*Data*:
Content starts

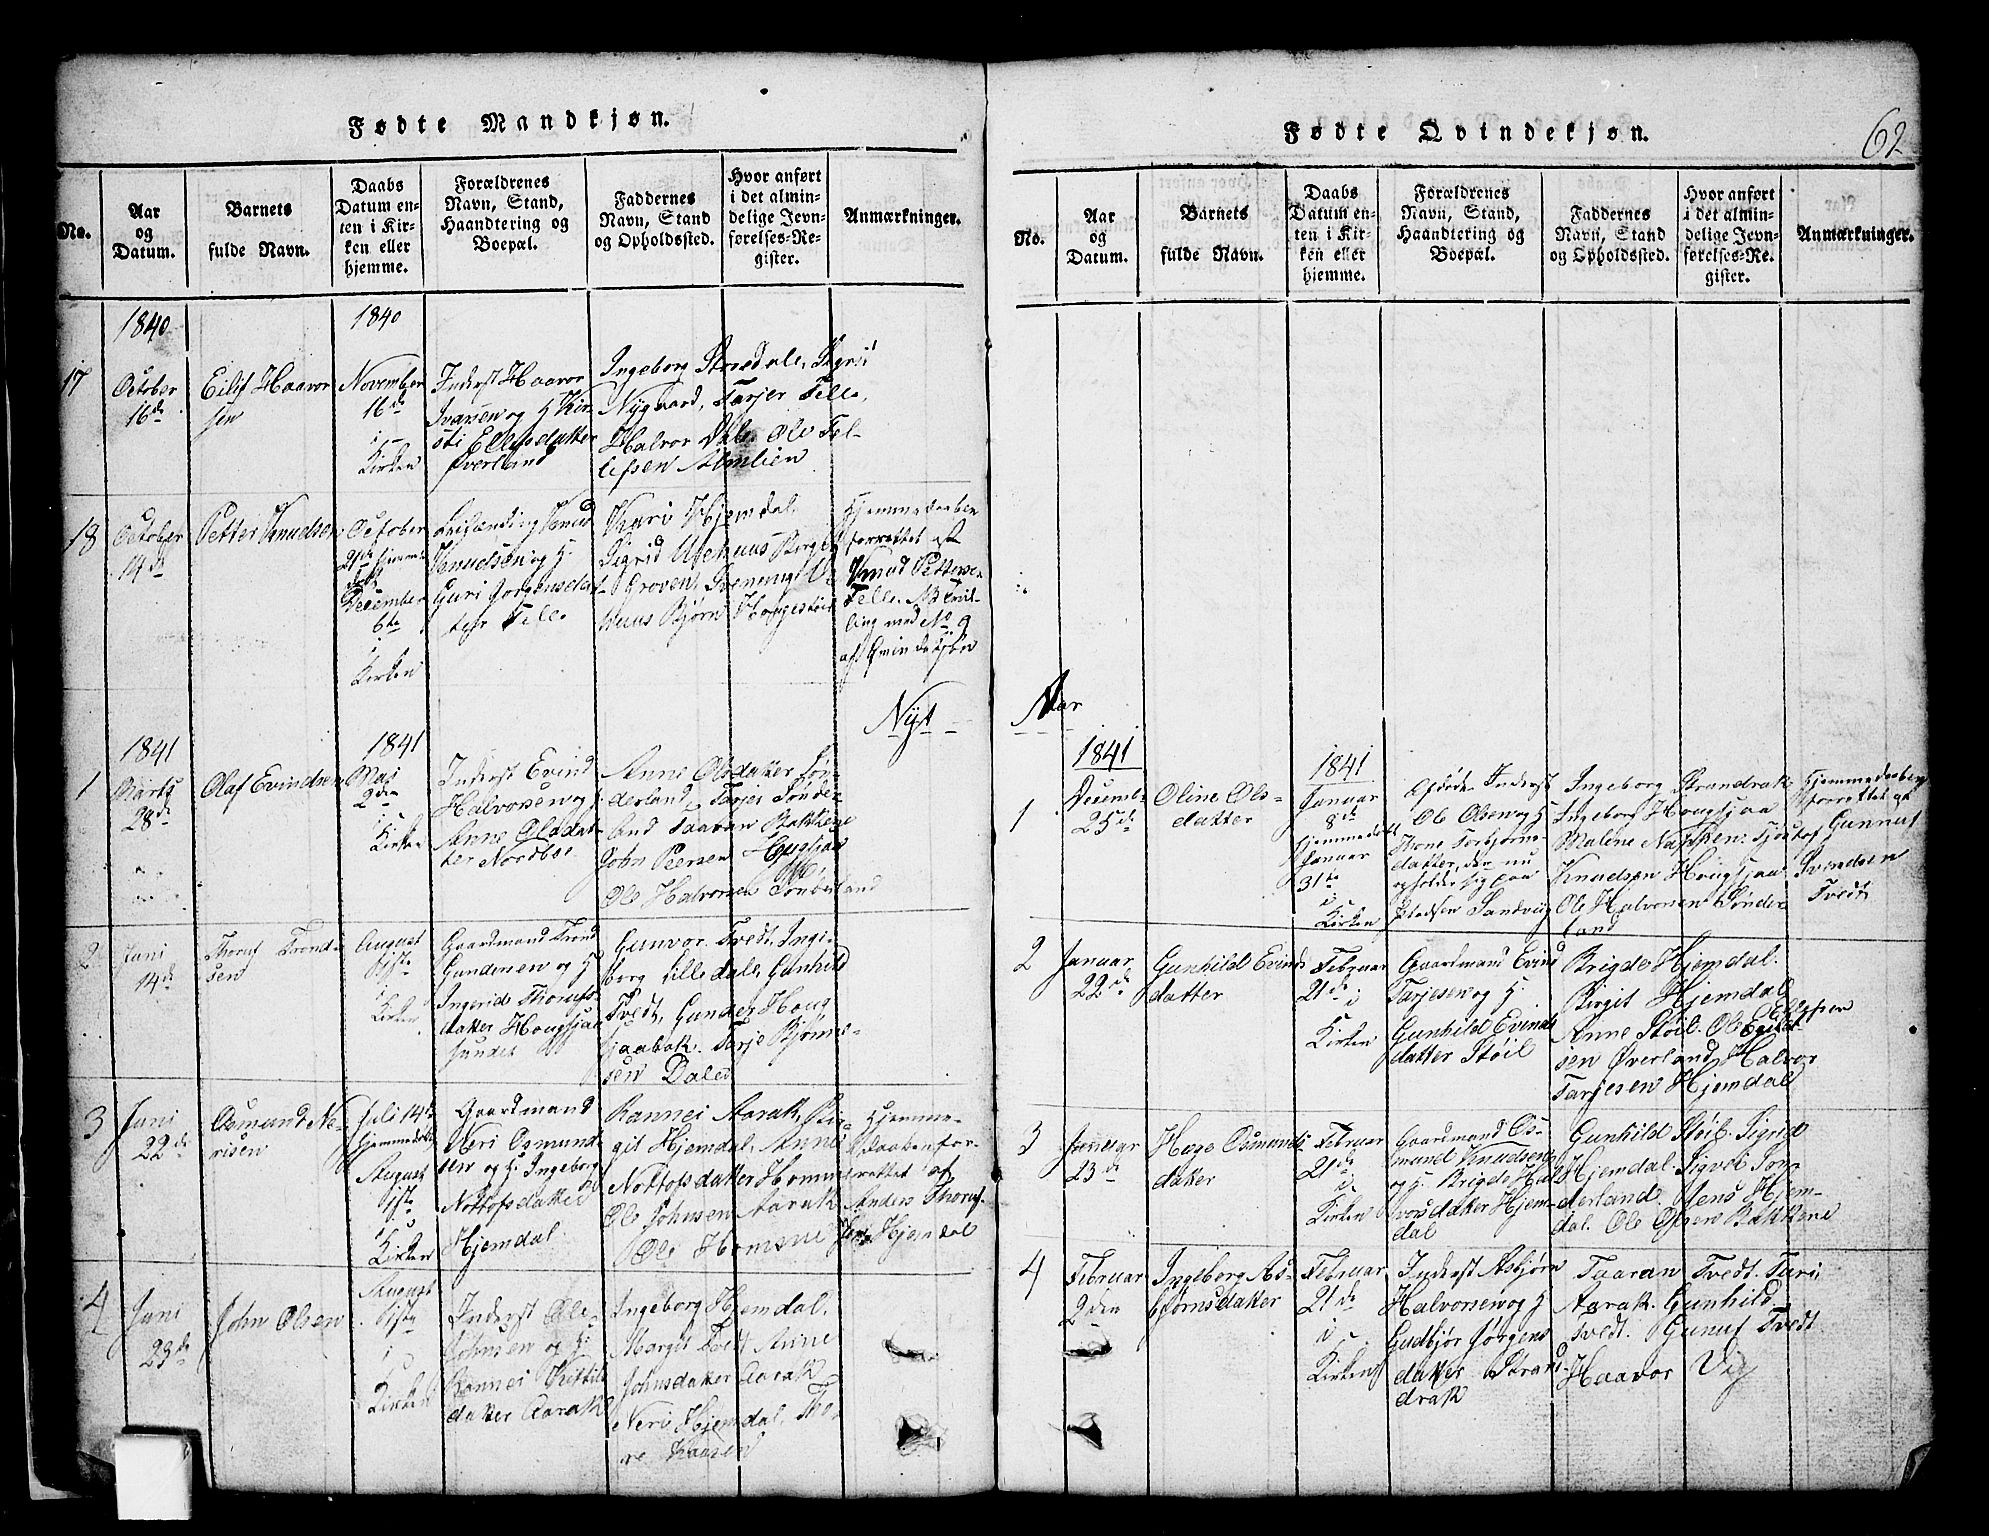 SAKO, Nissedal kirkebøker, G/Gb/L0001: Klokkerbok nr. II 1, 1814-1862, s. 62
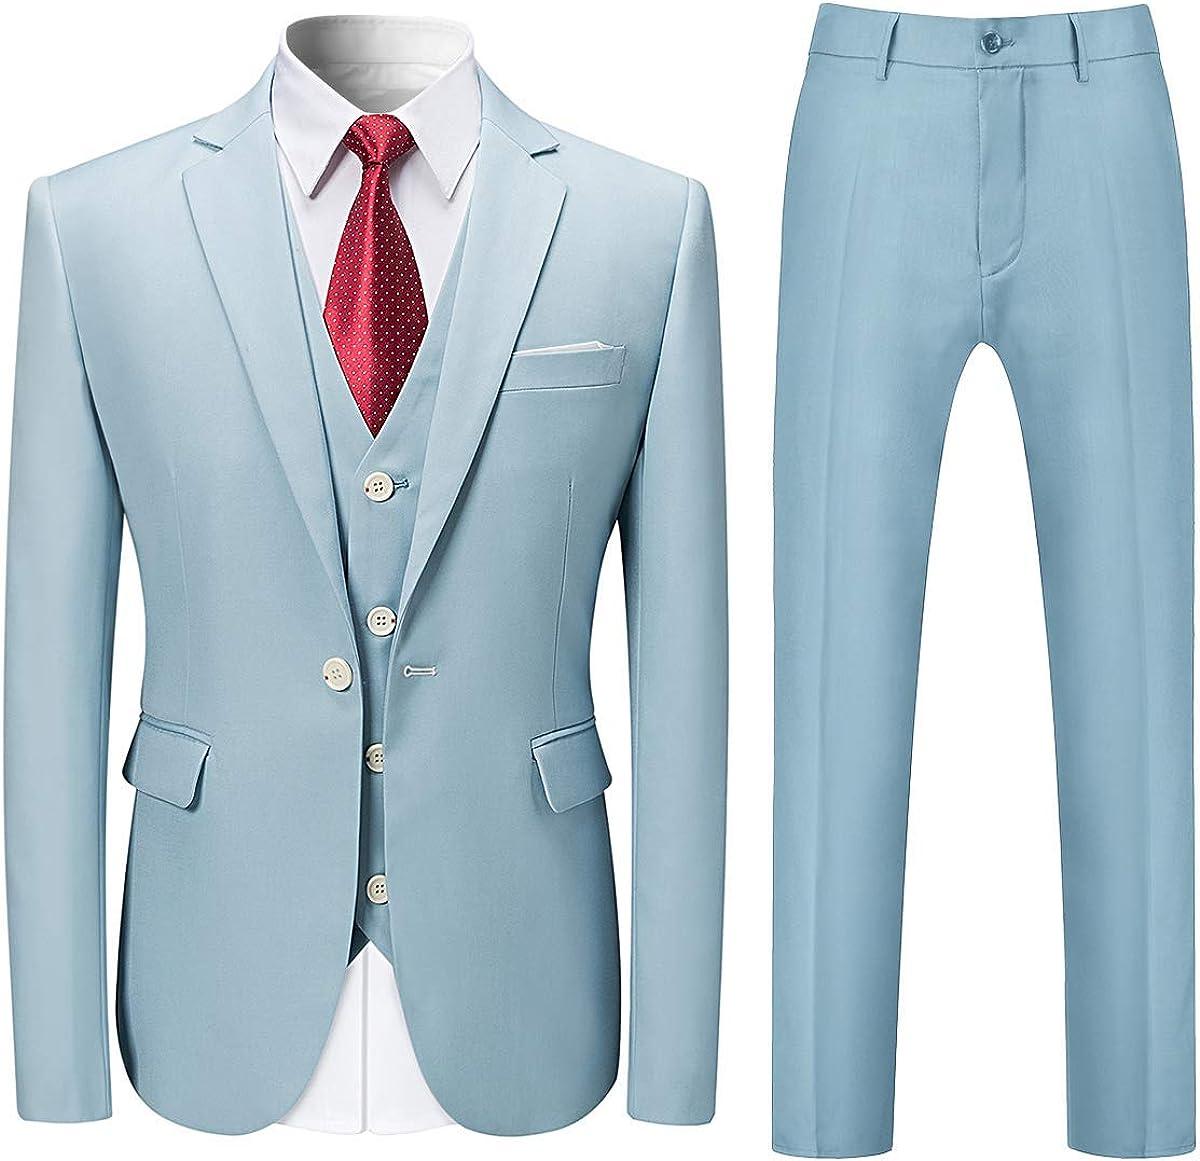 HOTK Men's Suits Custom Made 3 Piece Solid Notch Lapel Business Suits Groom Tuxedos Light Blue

Content ends
Content starts

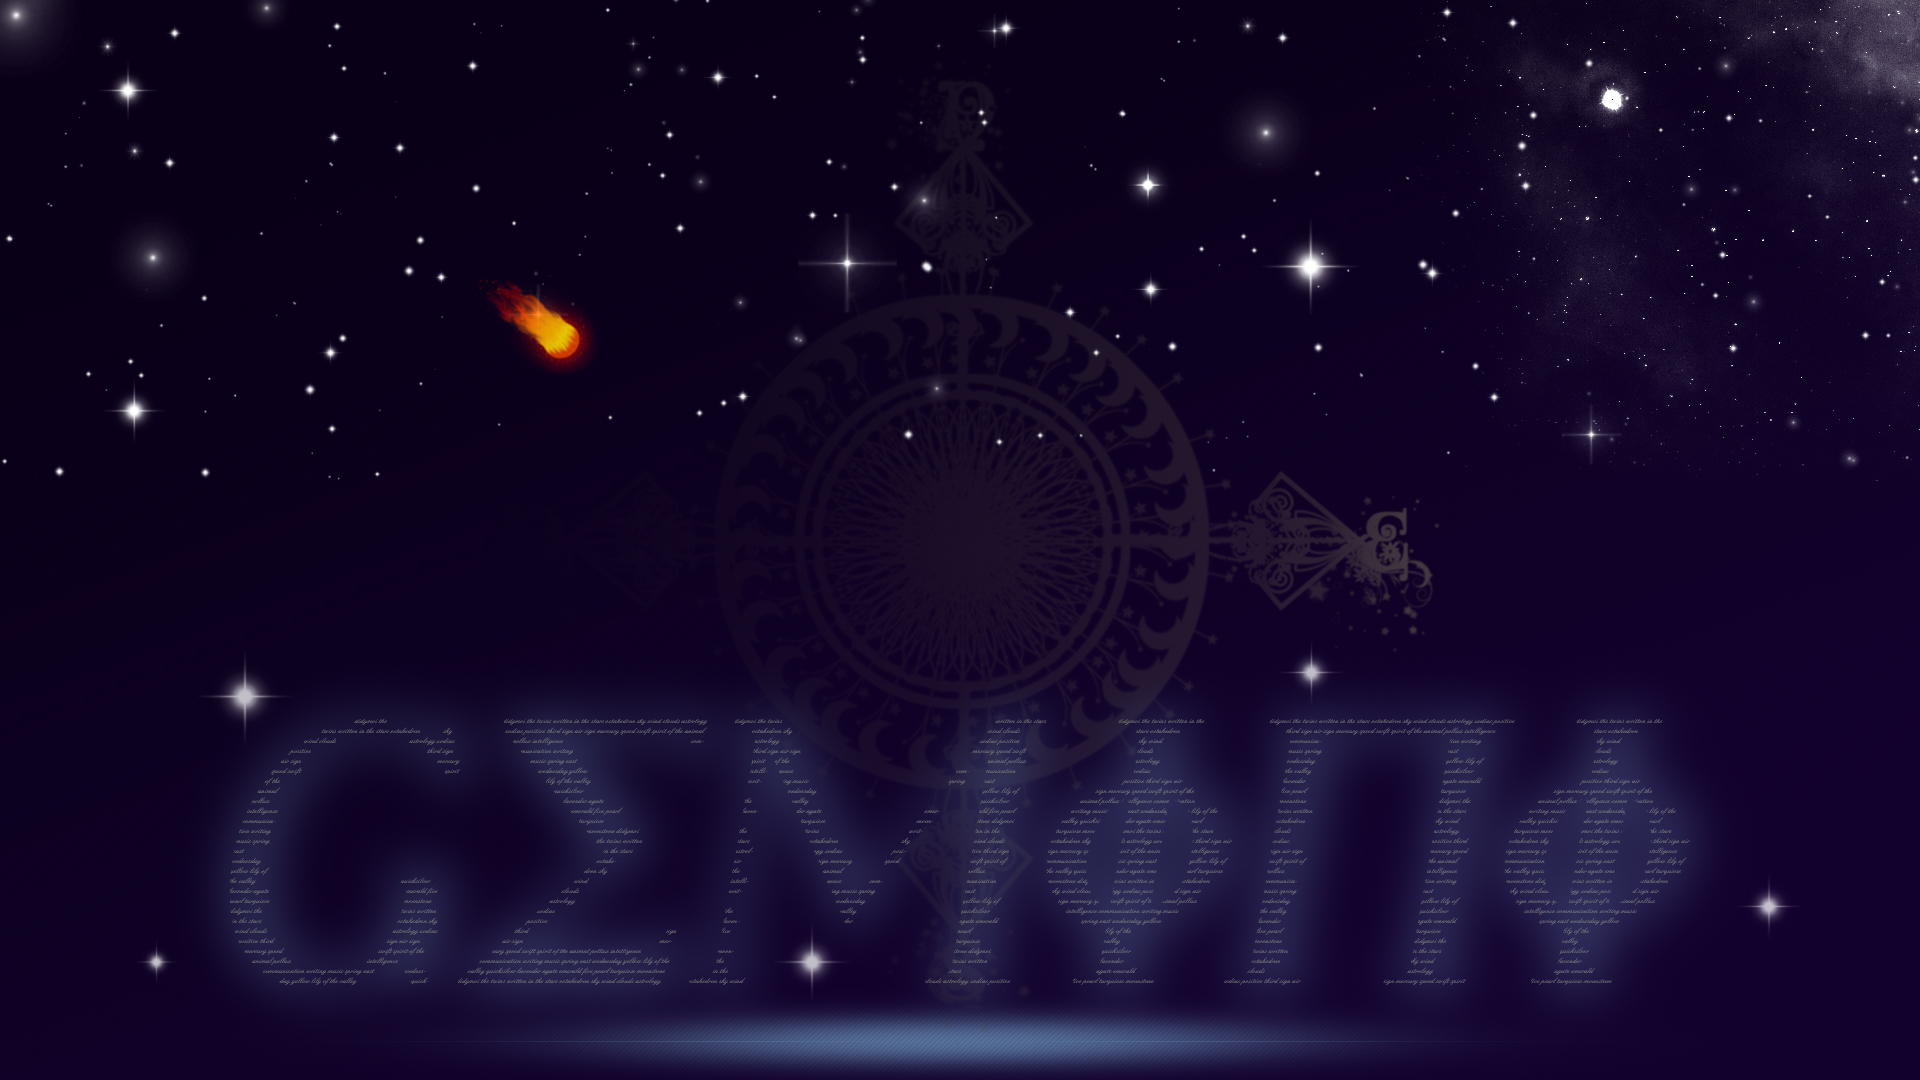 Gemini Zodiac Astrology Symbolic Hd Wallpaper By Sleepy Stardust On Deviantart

Content ends

Reproduce the listing above only between the lines holding "SAKO, Nissedal kirkebøker, G/Gb/L0001: Klokkerbok" and "HOTK Men's Suits", inclusive. Every line must match exactly, and pictures are dropped.

 SAKO, Nissedal kirkebøker, G/Gb/L0001: Klokkerbok nr. II 1, 1814-1862, s. 62
 HOTK Men's Suits Custom Made 3 Piece Solid Notch Lapel Business Suits Groom Tuxedos Light Blue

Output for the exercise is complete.